Aurélien Olivier is a data scientist at DESKi. He is an MSc degree graduate from an IMT Atlantique-Mines Nantes with a specialization in computer science for decision support. He was introduced to deep learning for computer vision during internships at Kanzaki-Takahashi laboratory and at GE Healthcare prior to joining DESKi.

Olivier Moal is the cofounder and chief research officer of DESKi. He received his MSc degree from Ecole Polytechnique Fédérale de Lausanne. He was introduced to machine learning during the research project of his master’s degree at the University of California, Berkeley. He then specialized in deep learning for medical image analysis and founded DESKi in 2016.
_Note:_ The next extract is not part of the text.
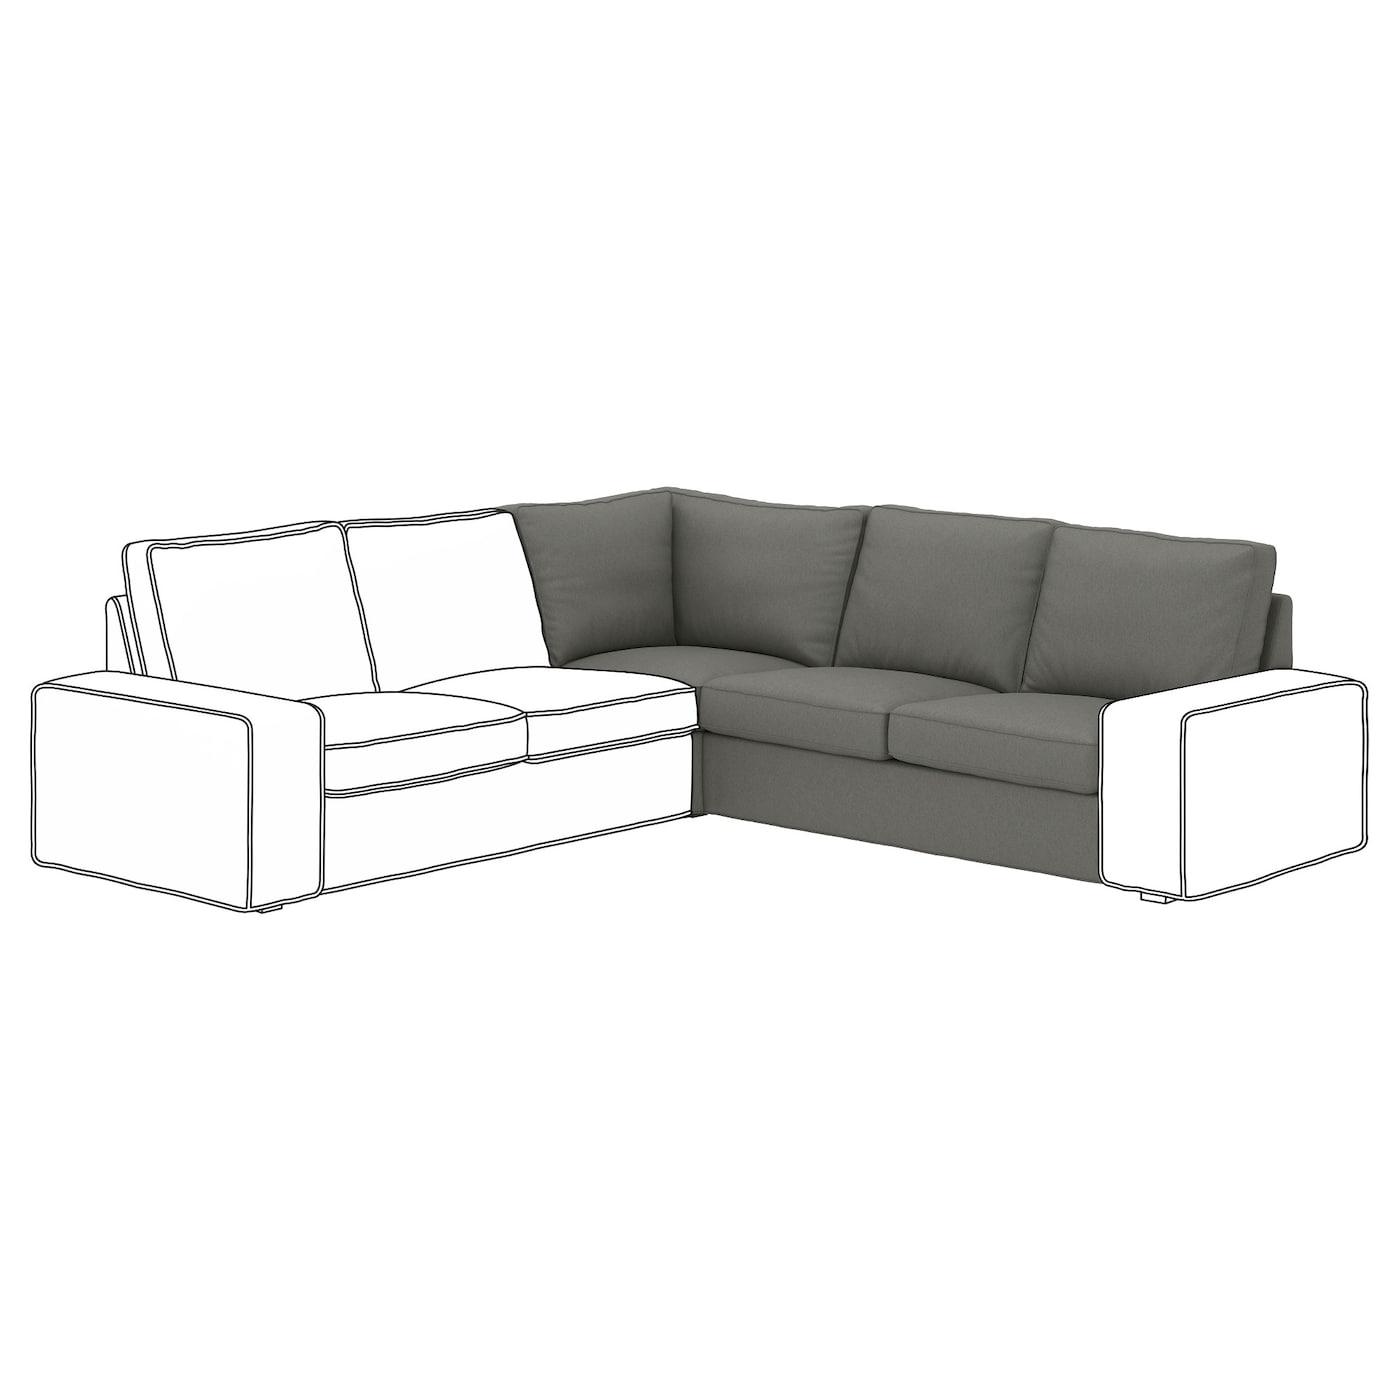 Série KIVIK - IKEA

Bertrand Moal is the cofounder and chief executive officer of DESKi. In parallel, he is a medical resident in public health at the Bordeaux University Hospital. He received his MSc degree from ESTP Paris in 2010 and his master’s degree in biomedical engineering from Arts et Métiers ParisTech, and conducted a biomechanics thesis in the medical field in partnership with the NYU Hospital in 2012. He founded DESKi in 2016.
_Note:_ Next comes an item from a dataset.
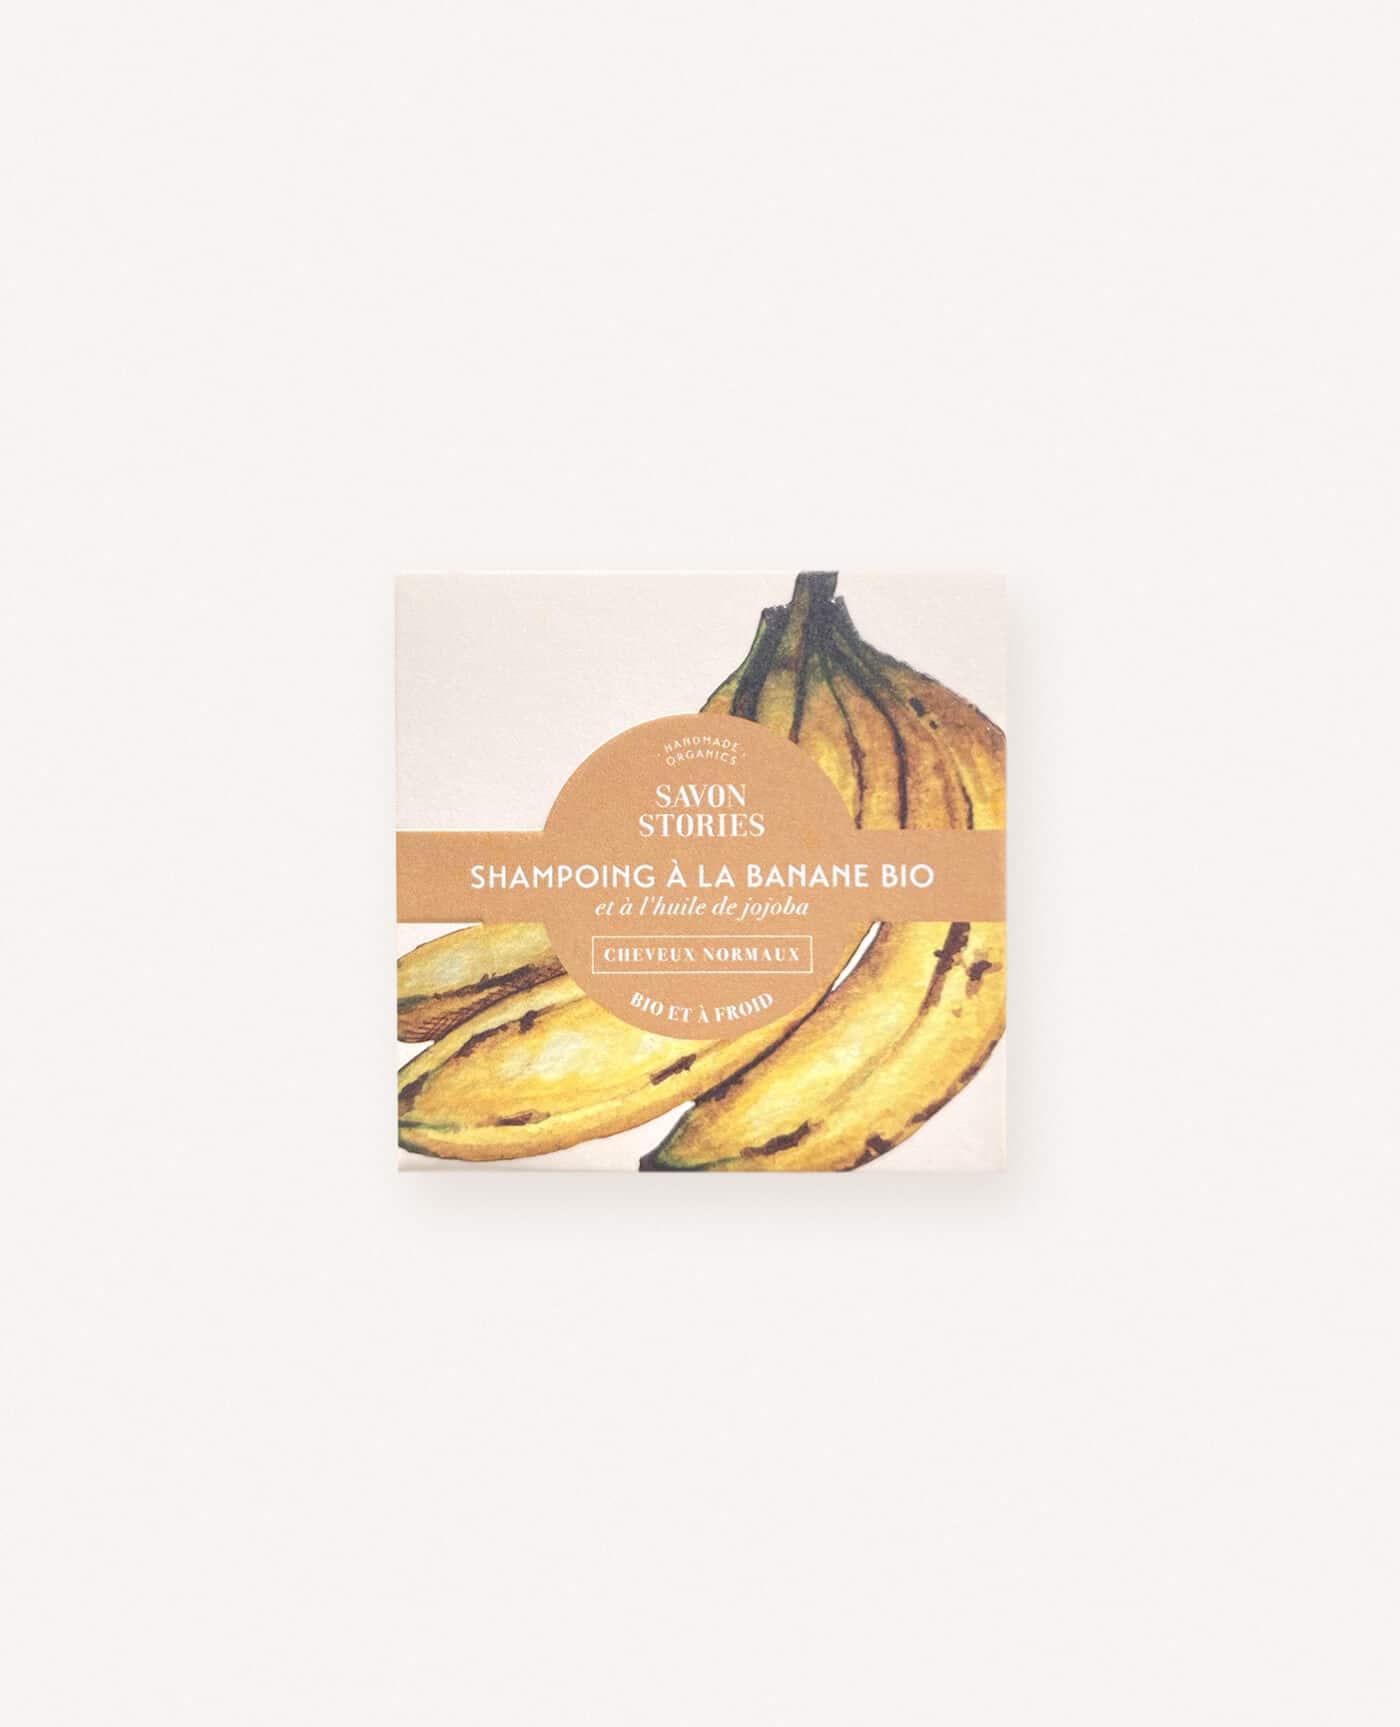 Shampoing solide bio, naturel et vegan à la banane pour les cheveux normaux de la marque Savon Stories made in france

Fanny Munsch is a PhD in neurosciences and engineer in MR image analysis. She is currently a postdoctoral fellow at Beth Israel Deaconess Medical Center, Department of Radiology, Division of MRI Research, where she is working on brain perfusion with arterial spring labeling, inhomogeneous magnetization transfer imaging, and myelin content.

Gosuke Okubo received his MD and PhD degrees from Kyoto University in 2007 and 2017, respectively. He was a postdoctoral researcher at the University of Bordeaux. Currently, he is a clinical fellow at the Department of Radiology, Tenri Hospital in Japan. His interests are in neuroimaging and quantitative image analysis.
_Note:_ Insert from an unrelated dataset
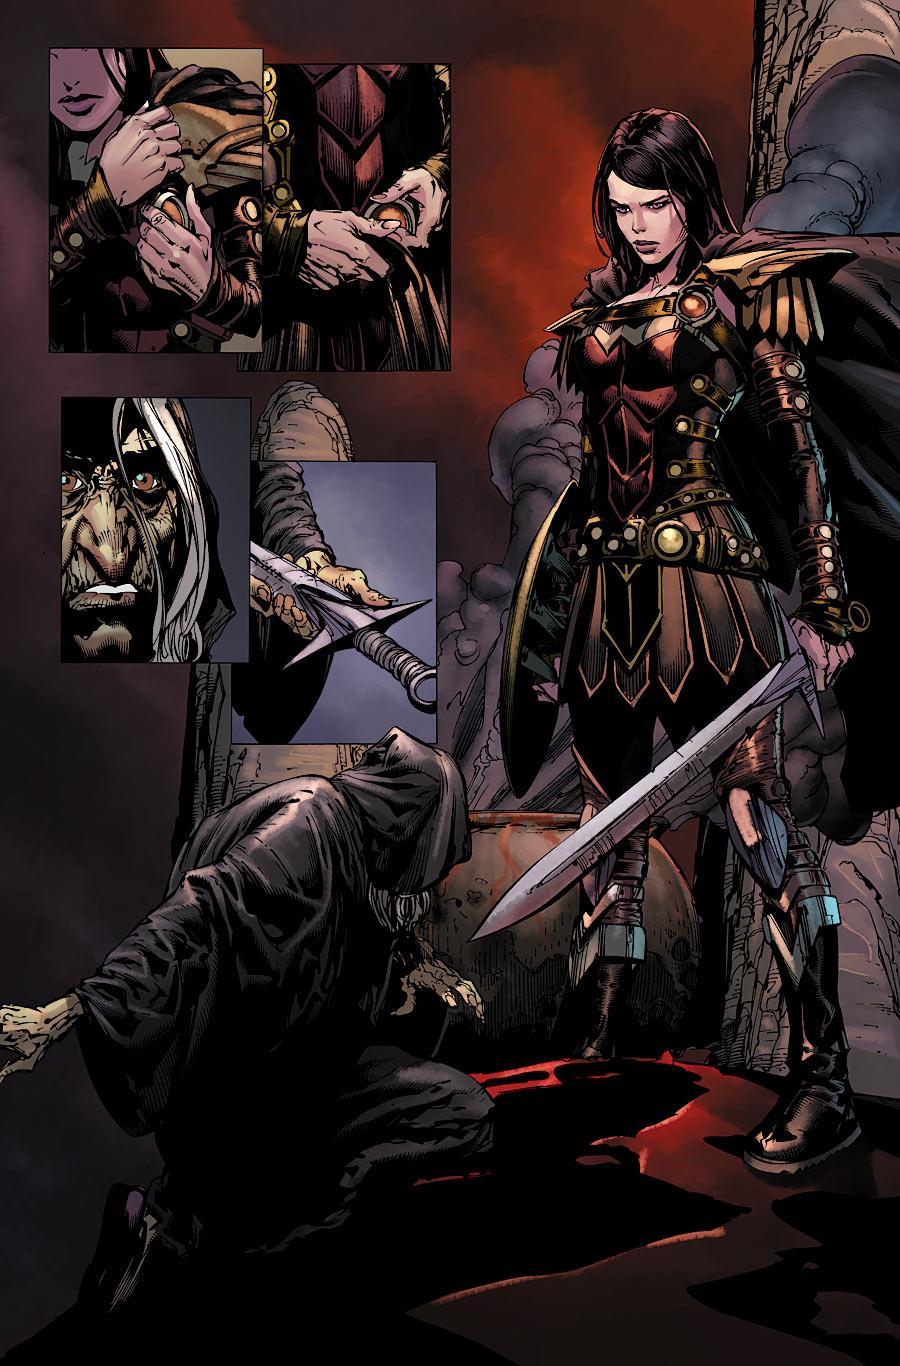 [QUADRINHOS] DC Comics (EUA) - O Cavaleiro das Trevas 3! - Página 4 B7ZXTlkCMAAa7tP

Igor Sibon is an MD-PHD in neurology. He performed his medical studies at Bordeaux University, in France and a postdoctoral fellowship at Montreal McGill University, in Canada from 2004 to 2006. He is the head of the Stroke Unit at Bordeaux University Hospital since 2009, the codirector of the team “Neuroimaging and Human Cognition” at the INCIA-UMR CNRS-5287 since 2014, and the vice-president of the French Society of Neurovascular Diseases since 2017.

Vincent Dousset is an MD-PhD in radiology and the head of the NeuroImaging Department of Bordeaux University Hospital, France. He is the director of the Laboratory of Excellence TRAIL (Translational Advanced Imaging Laboratory) and of the Institute of BioImaging. His group develops translational approaches from animal models to the patients thanks to in vivo imaging in several neurological disorders.

Thomas Tourdias is an MD-PhD in radiology at the NeuroImaging Department of Bordeaux University Hospital, France. His main research projects are in stroke and multiple sclerosis. In these domains, he uses a strongly translational approach from animal models to the patients thanks to in vivo imaging. His broad research goal is to highlight imaging biomarkers and to validate their biological significance.

Disclosures

Mr. A.O. reports grants from Region Nouvelle Aquitaine and grants from Labex Trail during the conduct of the study, and a salary from DESKi. Mr. O.M. reports grants from Region Nouvelle Aquitaine and grants from Labex Trail during the conduct of the study, and a CTO position at DESKi. Dr. B.M. reports grants from Region Nouvelle Aquitaine and grants from Labex Trail during the conduct of the study and a CEO position at DESKi. Dr. F.M. reports grants from Region Nouvelle Aquitaine and grants from Labex Trail during the conduct of the study. Dr. G.O. reports grants from Region Nouvelle Aquitaine and grants from Labex Trail during the conduct of the study. Professor I.S. reports grants from Region Nouvelle Aquitaine and grants from Labex Trail during the conduct of the study. Professor V.D. reports grants from Region Nouvelle Aquitaine and grants from Labex Trail during the conduct of the study. Professor T.T. reports grants from Region Nouvelle Aquitaine and grants from Labex Trail during the conduct of the study.